Die Droplet Microarray (DMA)-Plattform stellt eine vielversprechende Lösung dar, die die Stärken von Hochdurchsatz-Screening, Miniaturisierung, Parallelisierung und Demultiplexierung in einem einzigen, vielseitigen System vereint. Es wurde gezeigt, dass diese Plattform Medikamentensensitivitäts- und Reaktionstests (Drug sensitivity and resistance testing = DSRT), medikamenteninduzierte Genexpressionsanalysen (DGEA) und andere wichtige Assays im Nanoliterbereich durchführen kann. Durch die erhebliche Reduzierung der Proben- und Reagenzienbedarf verbessert die DMA-Plattform die Effizienz und Kosteneffizienz von Hochdurchsatzexperimenten und unterstützt gleichzeitig die Entwicklung personalisierter Strategien für die klinische Anwendung in der Onkologie.

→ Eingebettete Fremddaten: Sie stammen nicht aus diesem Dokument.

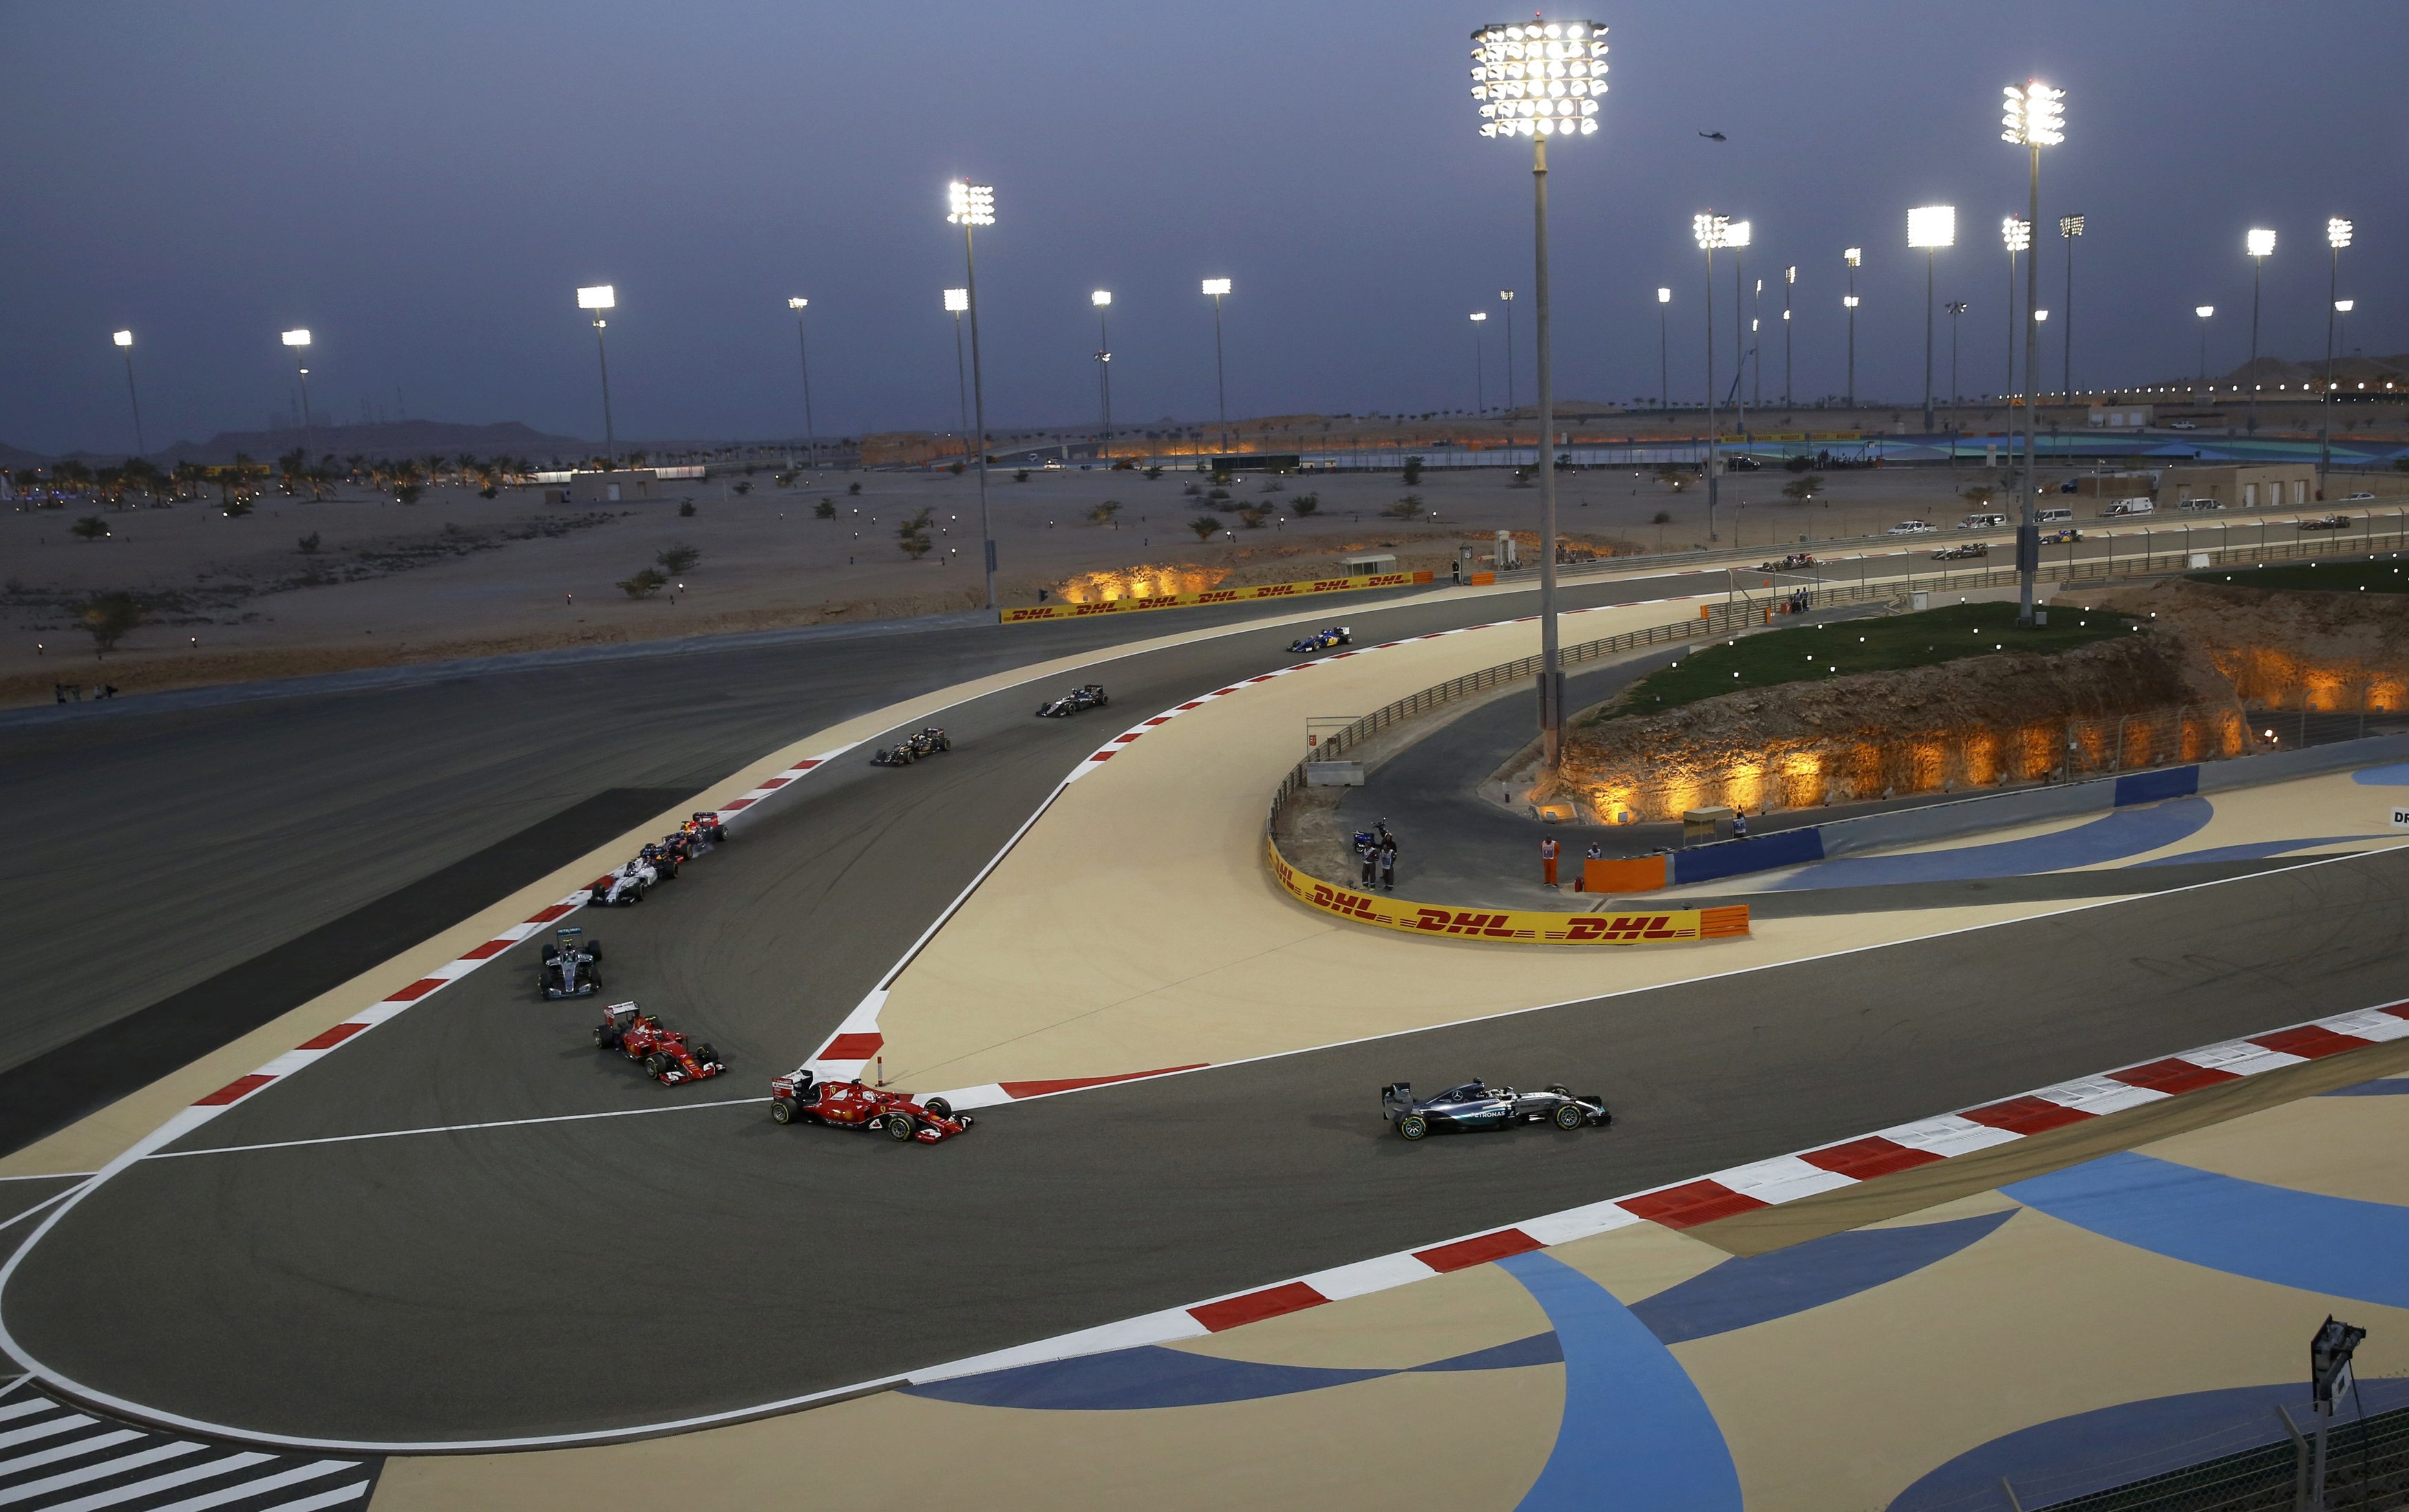 12 stunning photos from a Formula 1 Grand Prix under the lights in

Dieser kombinierte Ansatz hat das Potenzial, die funktionelle Präzisionsmedizin zu revolutionieren, indem genauere und individualisierte Behandlungspläne ermöglicht werden, die auf die spezifischen Bedürfnisse jedes Patienten abgestimmt sind.
Das erste Projekt stellt eine neuartige Methodik vor, bei der patientenabgeleitete chronisch lymphatische Leukämiezellen (CLL) in eine Hydrogelmatrix auf der DMA-Plattform integriert werden. Dieser Ansatz zielt darauf ab, die erheblichen Herausforderungen bei der Kultivierung von CLL-Zellen zu bewältigen, die zu früher Apoptose neigen und unter konventionellen In-vitro-Bedingungen eine geringe Überlebensfähigkeit aufweisen. Typischerweise erfordern CLL-Zellen eine Co-Kultur mit unterstützenden Stromazellen oder das Vorhandensein löslicher Faktoren, um das Überleben zu fördern und die komplexe Tumormikroumgebung nachzuahmen. Erste Experimente in herkömmlichen Medien zeigten eine drastisch niedrige Zellviabilität, was die Einschränkungen traditioneller Kulturmethoden verdeutlicht. Durch die Integration der Hydrogelmatrix in die DMA-Plattform konnten wir die Viabilität von CLL-Zellen erheblich verbessern und nach 24 Stunden eine bemerkenswerte Überlebensrate von 68 % erreichen, eine signifikante Verbesserung gegenüber herkömmlichen Methoden. Die Hydrogelmatrix bot nicht nur die notwendige strukturelle Unterstützung, sondern schuf auch eine stabile Umgebung, die das Überleben der Zellen über die Zeit hinweg förderte, was sie zu einem wertvollen Werkzeug für das DSRT von patientenabgeleiteten CLL-Zellen macht.
Das zweite Projekt stellt eine neuartige miniaturisierte Methode für die medikamenteninduzierte differentielle Genexpressionsanalyse (DGEA) im Nanoliterbereich vor, ein wichtiges Instrument zur Aufdeckung der molekularen Grundlage zellulärer Veränderungen nach einer medikamentösen Behandlung. Diese Methode ist besonders wertvoll für die Hochdurchsatzanalyse von Krebszellen, die aus Patientenbiopsien stammen, da hier die Knappheit der Proben eine erhebliche Herausforderung darstellt. Mithilfe der DMA-Plattform ermöglicht dieser innovative Ansatz eine parallele Analyse der Arzneimittelreaktionen in patientenabgeleiteten Zellen und überwindet effektiv die Einschränkungen traditioneller Protokolle. Die Methode umfasst eine Reihe von Schritten, darunter Zelllyse zur Isolierung von mRNA, cDNA-Konversion und anschließende quantitative Polymerase-Kettenreaktion (qPCR)-Analyse. Diese Arbeit demonstriert das Potenzial dieses Ansatzes für die funktionelle Präzisionsonkologie, indem sie Einblicke in die individuellen Tumorreaktionen auf Krebsmedikamente bietet.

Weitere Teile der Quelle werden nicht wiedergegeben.